(REQUIRED ACTION) In the listing that follows, print every line exactly and leave the images out.

:: AVAILABLE DATA ::

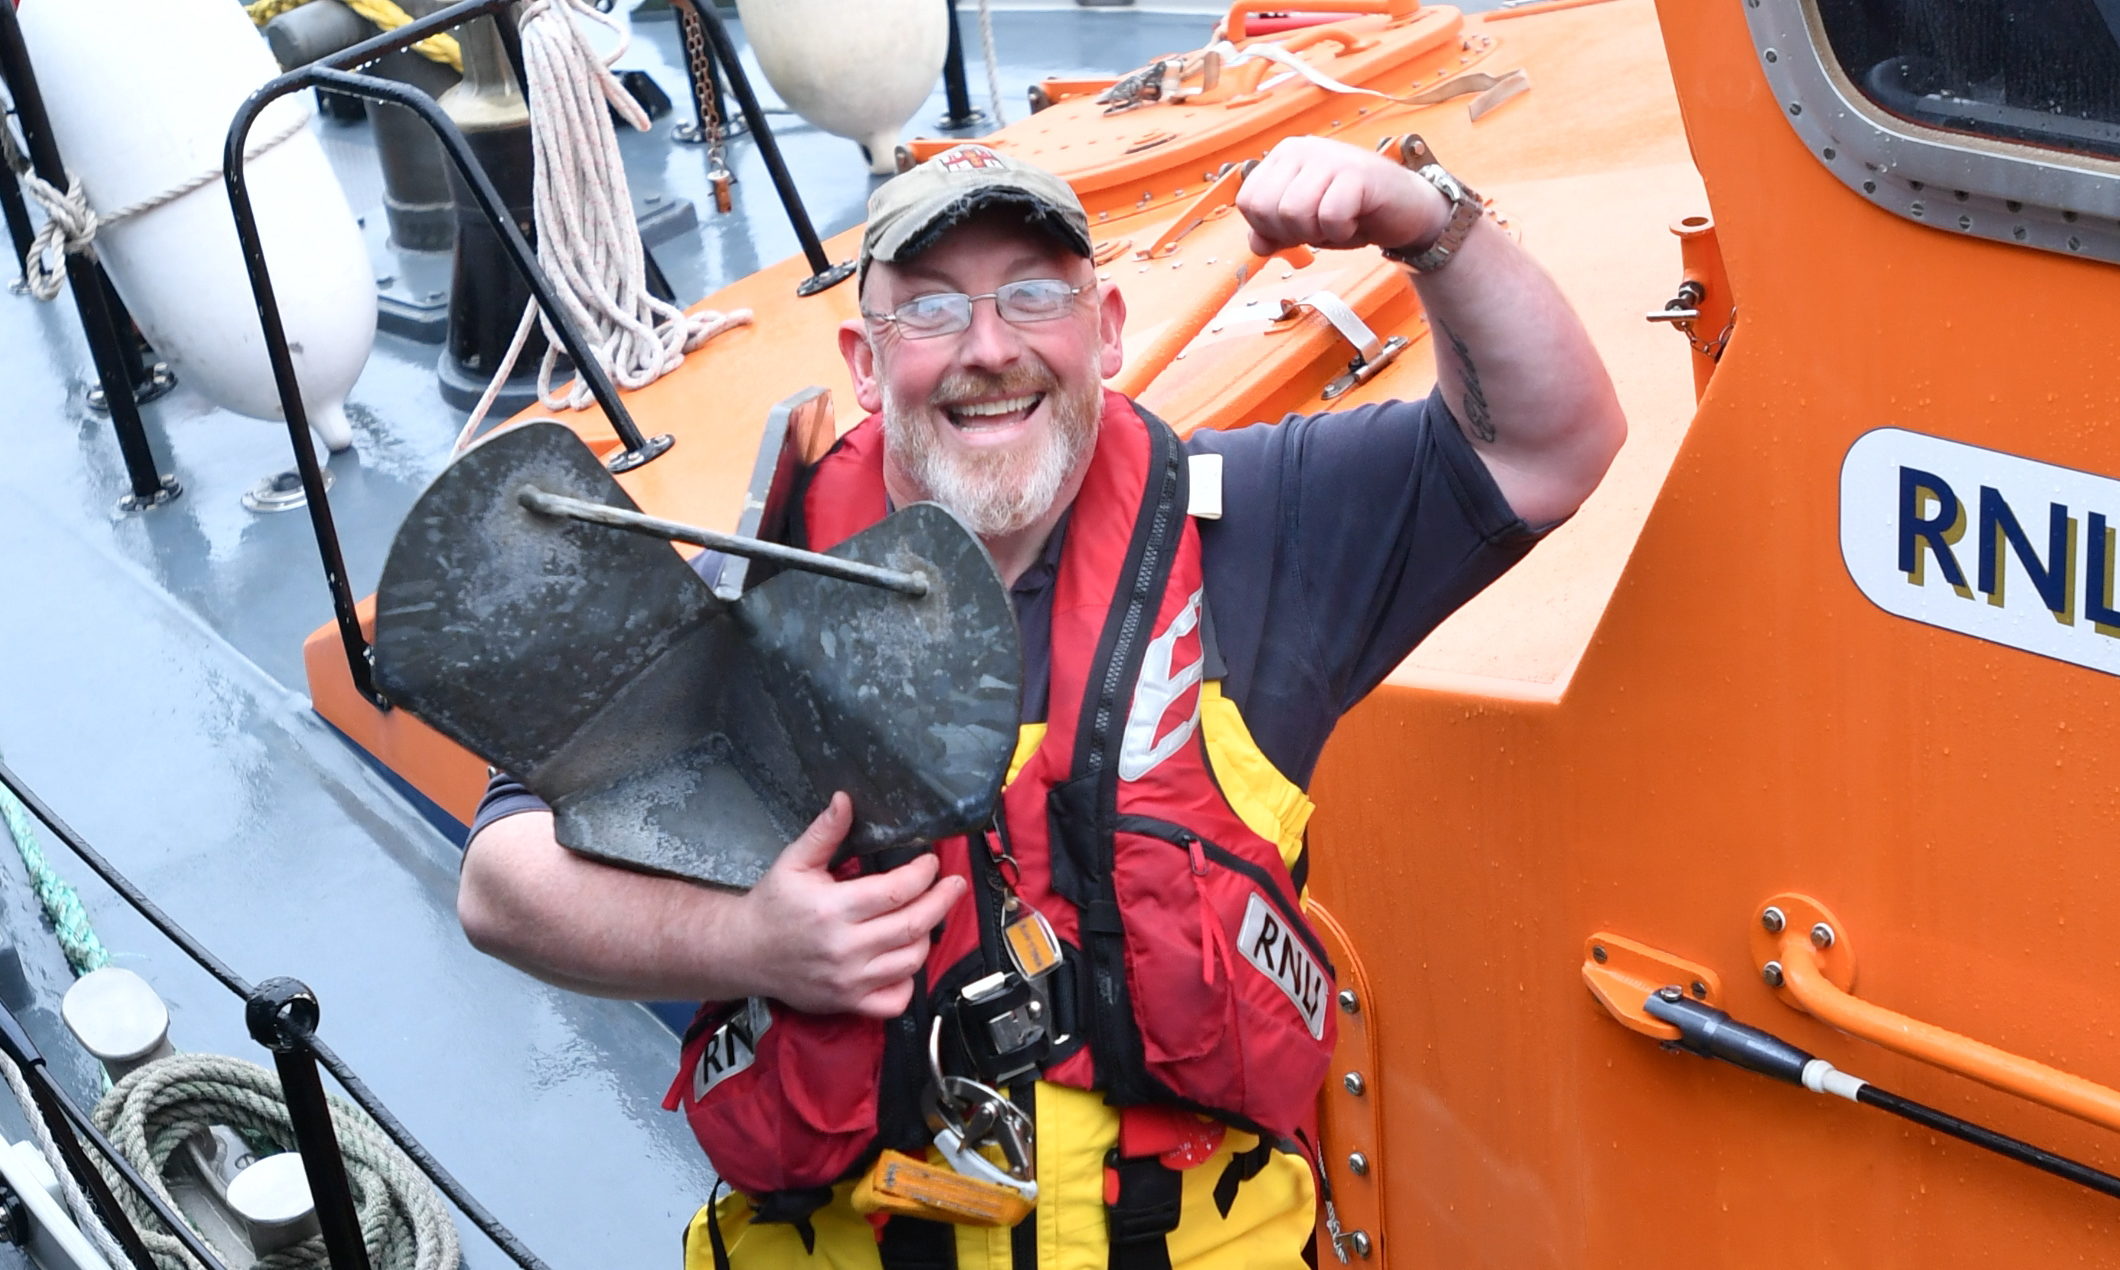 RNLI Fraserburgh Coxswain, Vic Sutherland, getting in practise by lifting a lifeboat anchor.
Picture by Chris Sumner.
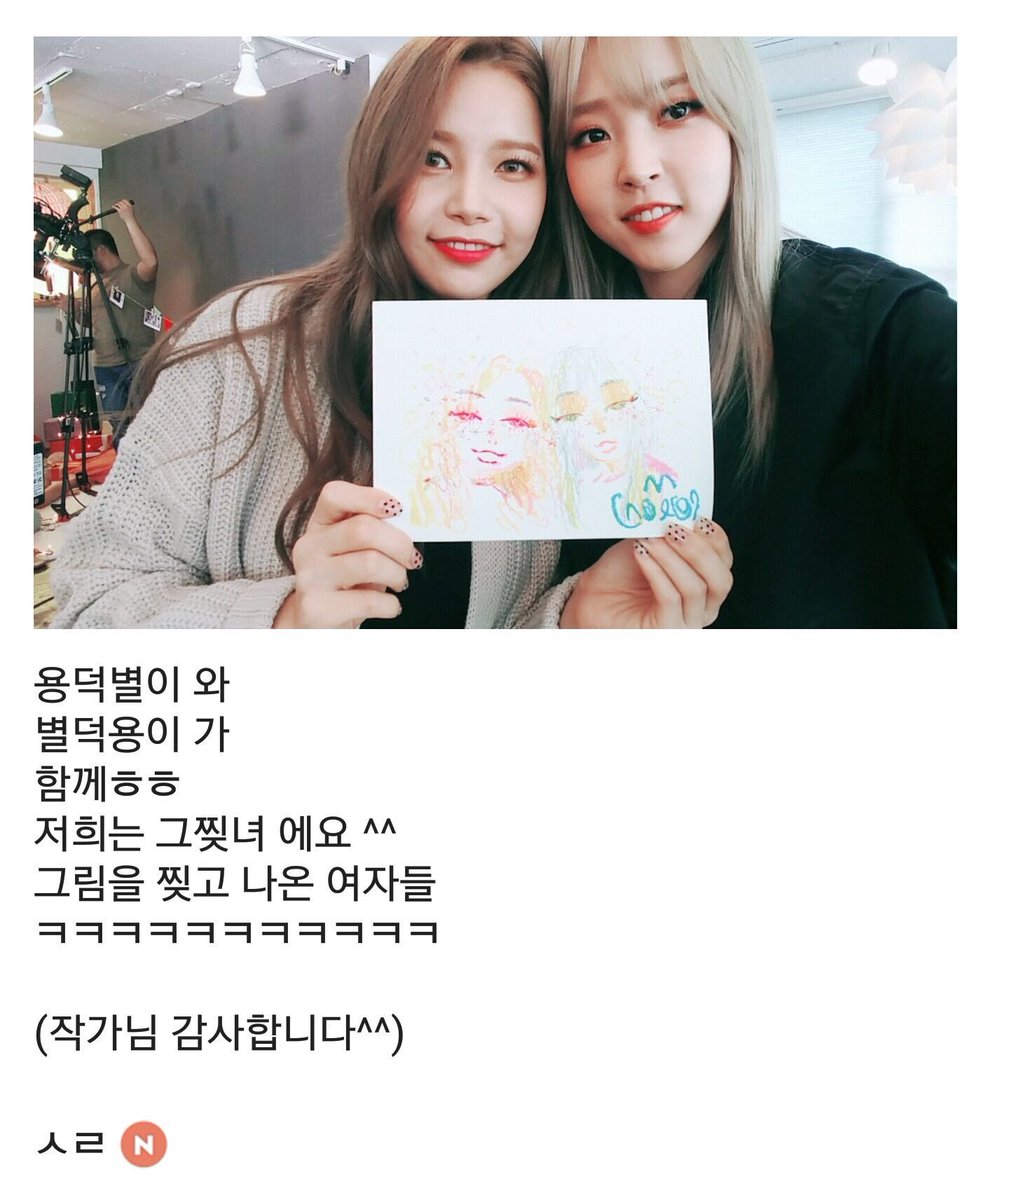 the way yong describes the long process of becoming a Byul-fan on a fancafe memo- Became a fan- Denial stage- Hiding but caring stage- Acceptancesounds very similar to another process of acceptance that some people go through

:::

(ANSWER TO THIS EXERCISE)
 RNLI Fraserburgh Coxswain, Vic Sutherland, getting in practise by lifting a lifeboat anchor.
Picture by Chris Sumner.
 the way yong describes the long process of becoming a Byul-fan on a fancafe memo- Became a fan- Denial stage- Hiding but caring stage- Acceptancesounds very similar to another process of acceptance that some people go through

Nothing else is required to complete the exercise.